Data segment >>
────────────────────

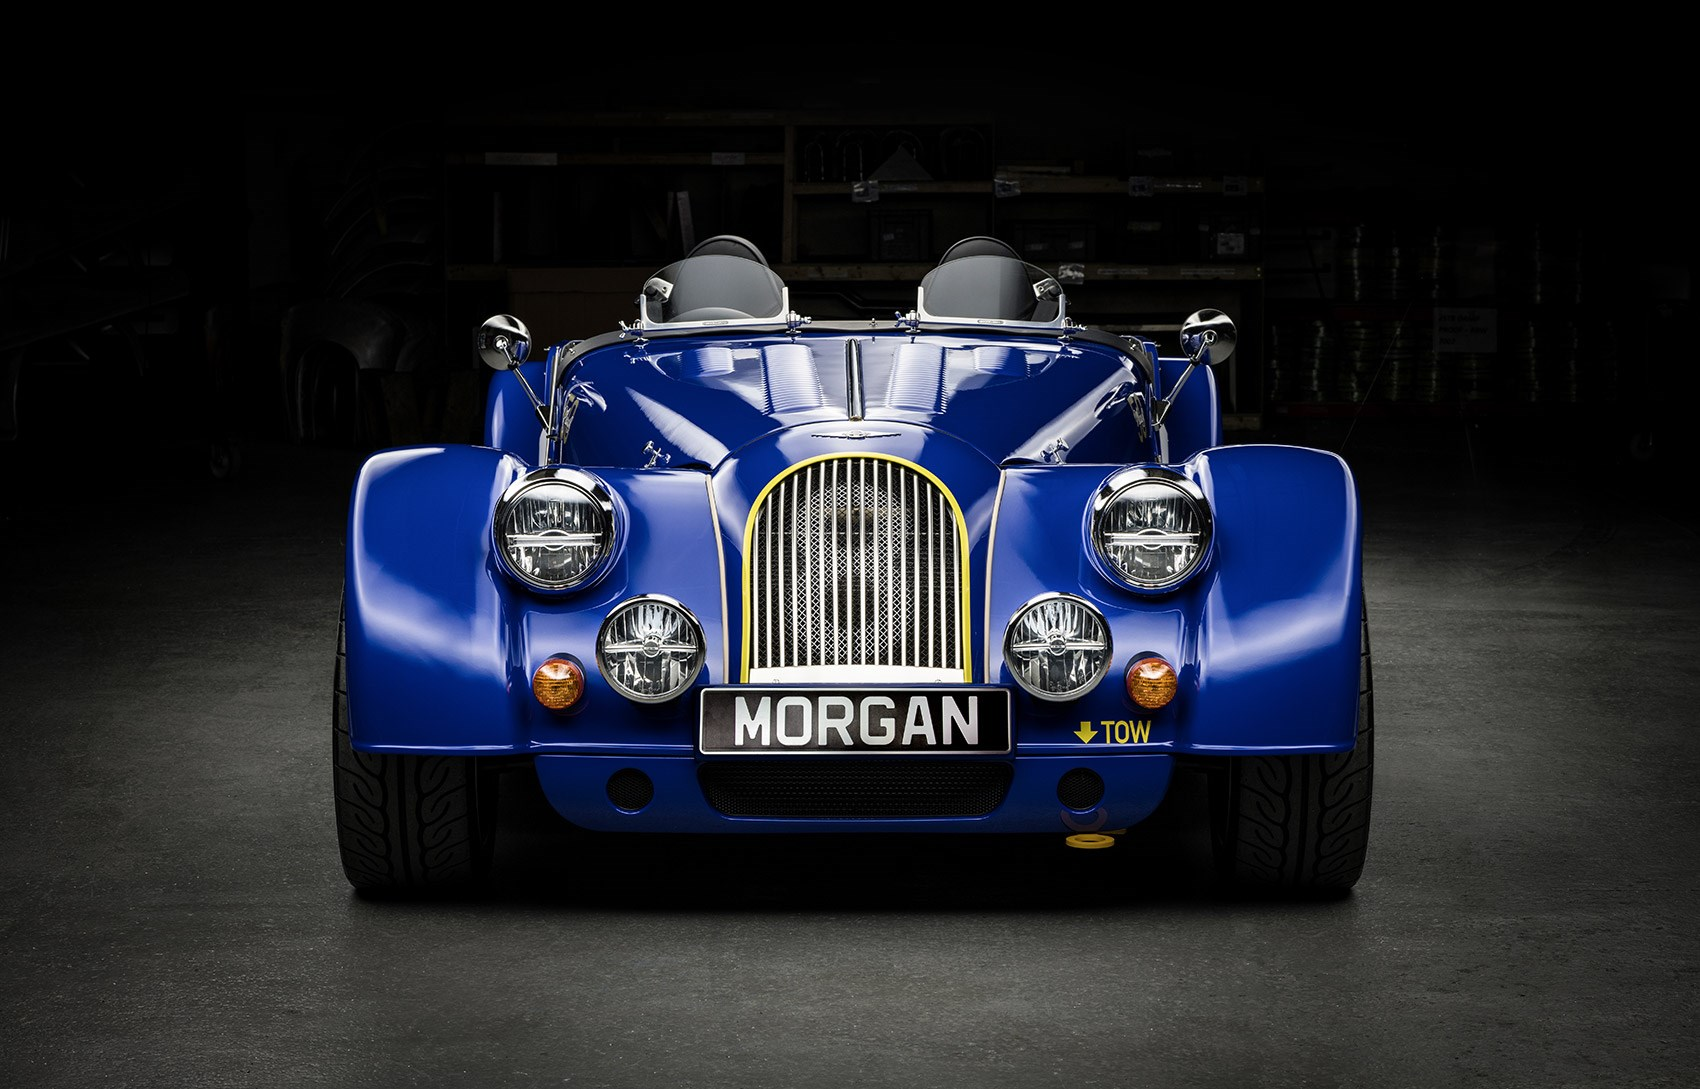 Morgan Aero Gt 2018 >> Morgan Aero GT and Plus 8 50th Anniversary specs prices pictures | CAR Magazine
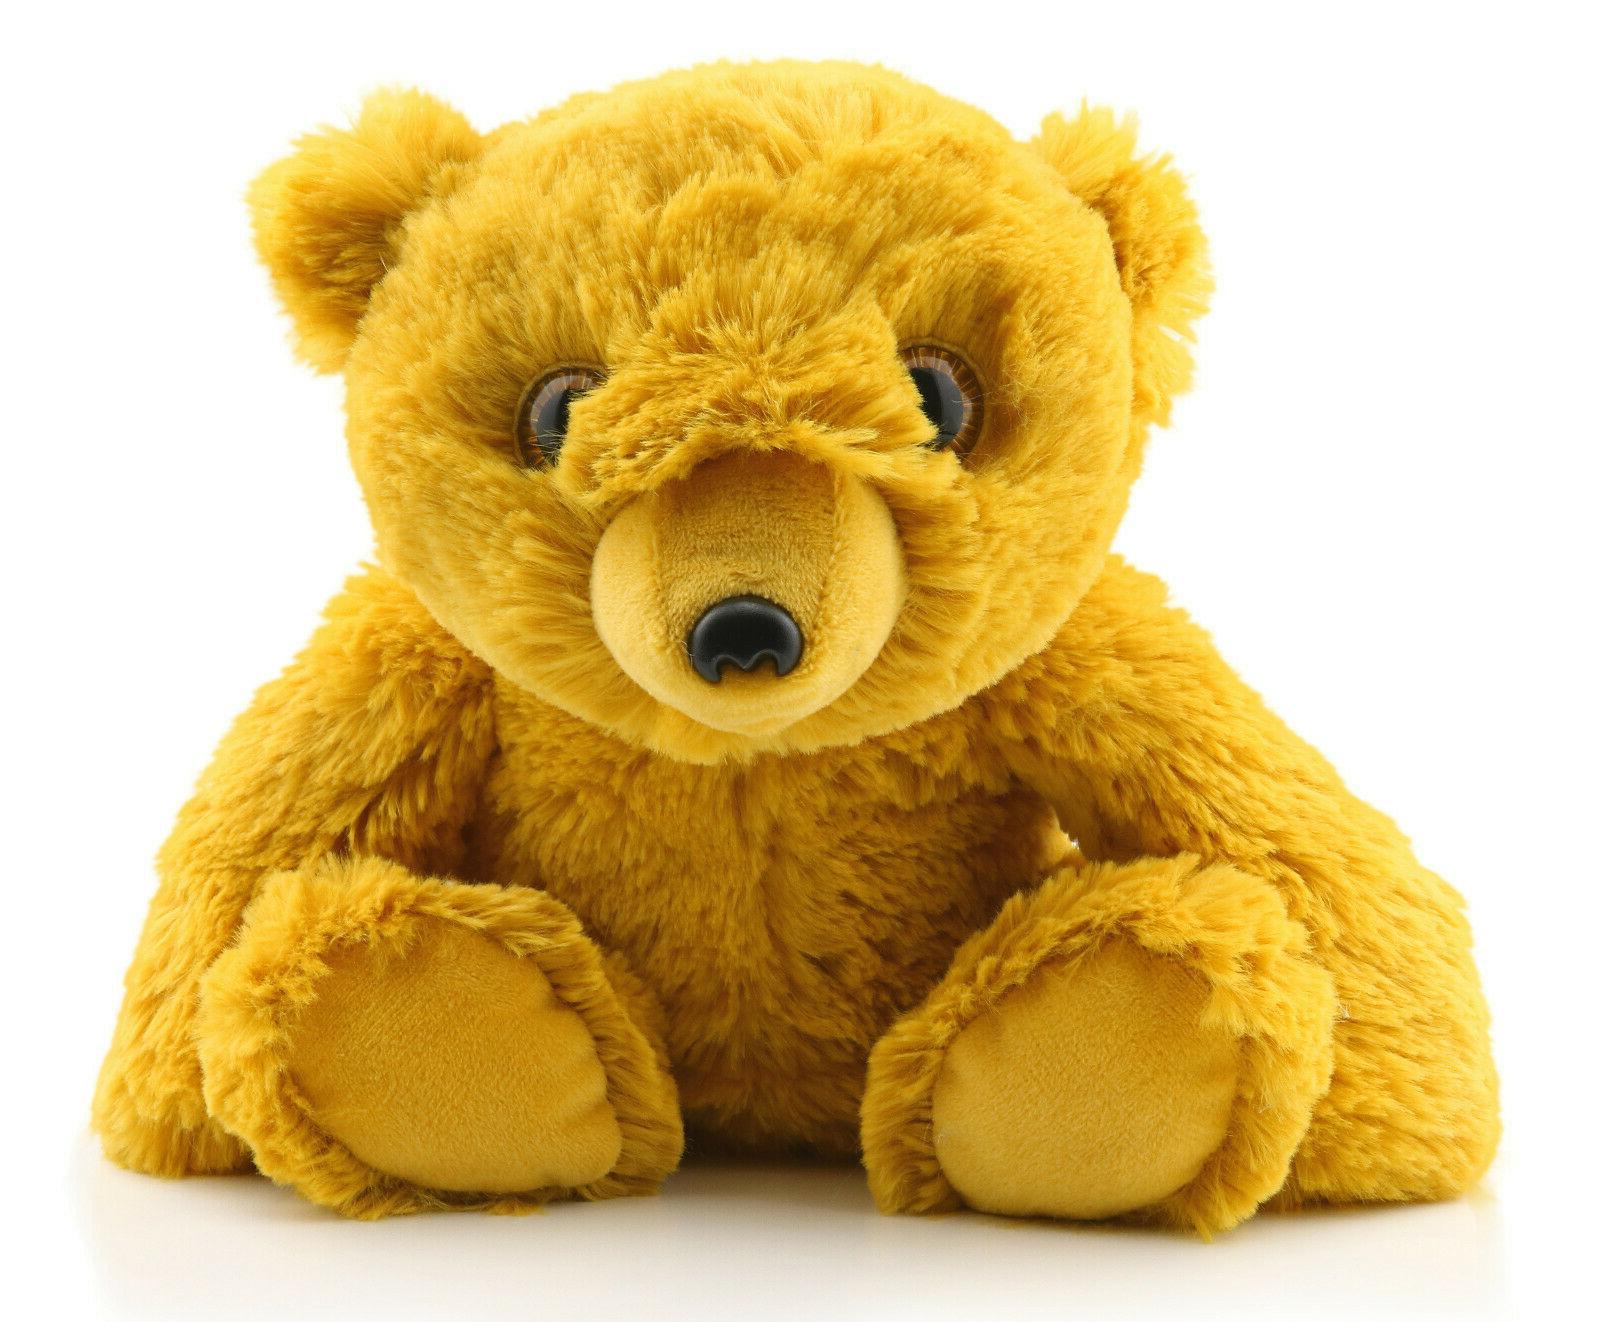 Toy - ICE BEAR
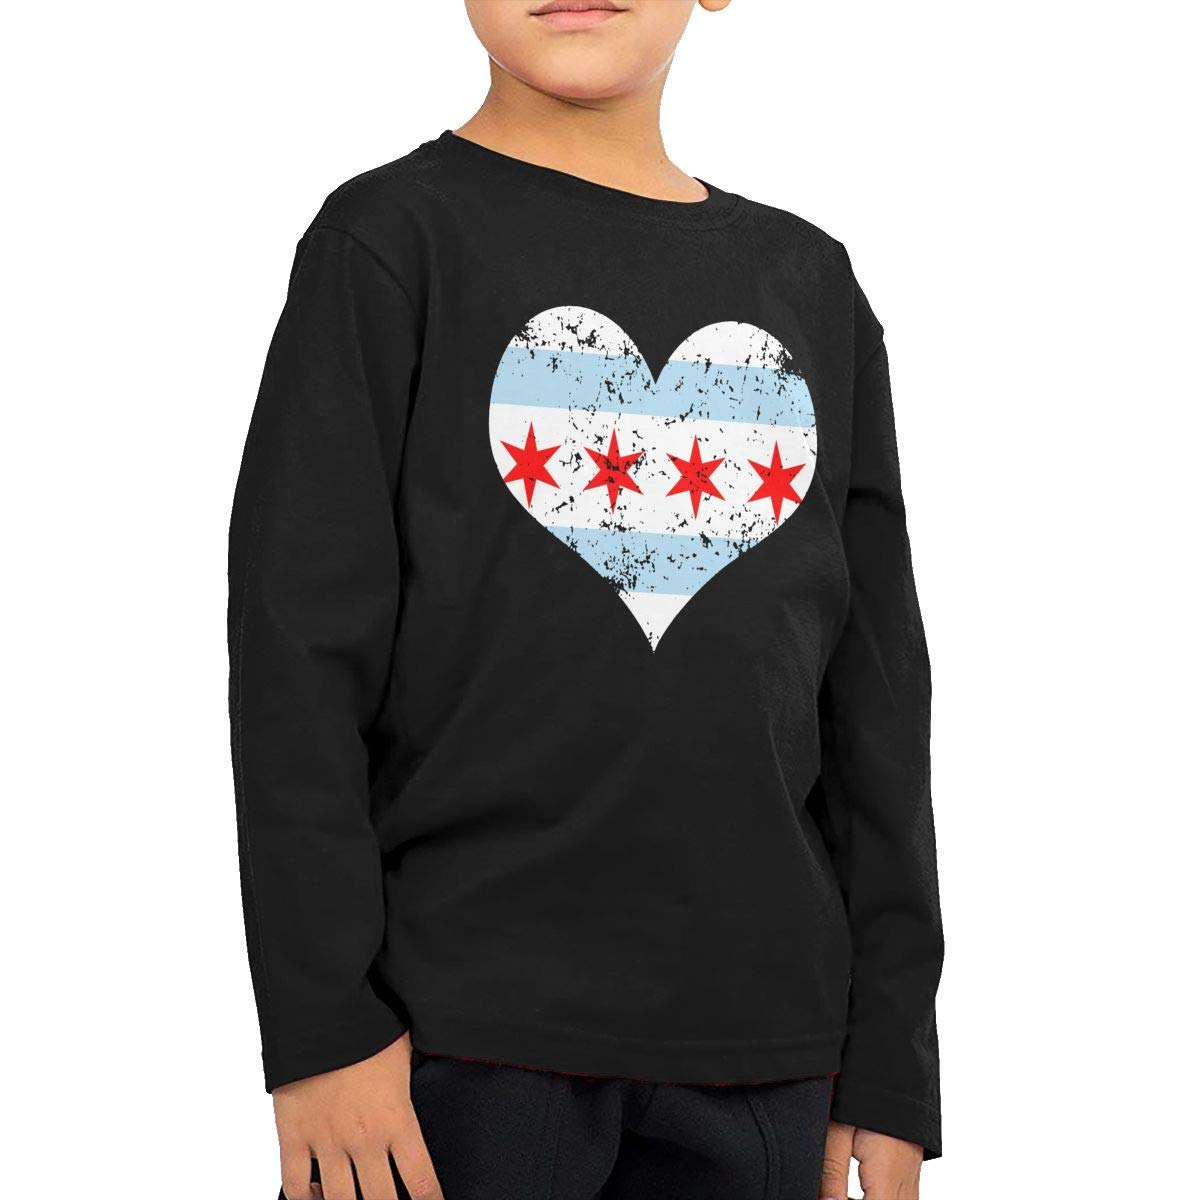 UGFGF-S1 Chicago Heart Flag Fashion Toddler Kid Baby Boys Girls Long Sleeve Tee Clothing

────────────────────

What you need to do >> Leave the pictures out and reproduce exactly the lines from the line with "Toy - ICE BEAR" to the end of the material above.

Response for this exercise >>
 Toy - ICE BEAR
 UGFGF-S1 Chicago Heart Flag Fashion Toddler Kid Baby Boys Girls Long Sleeve Tee Clothing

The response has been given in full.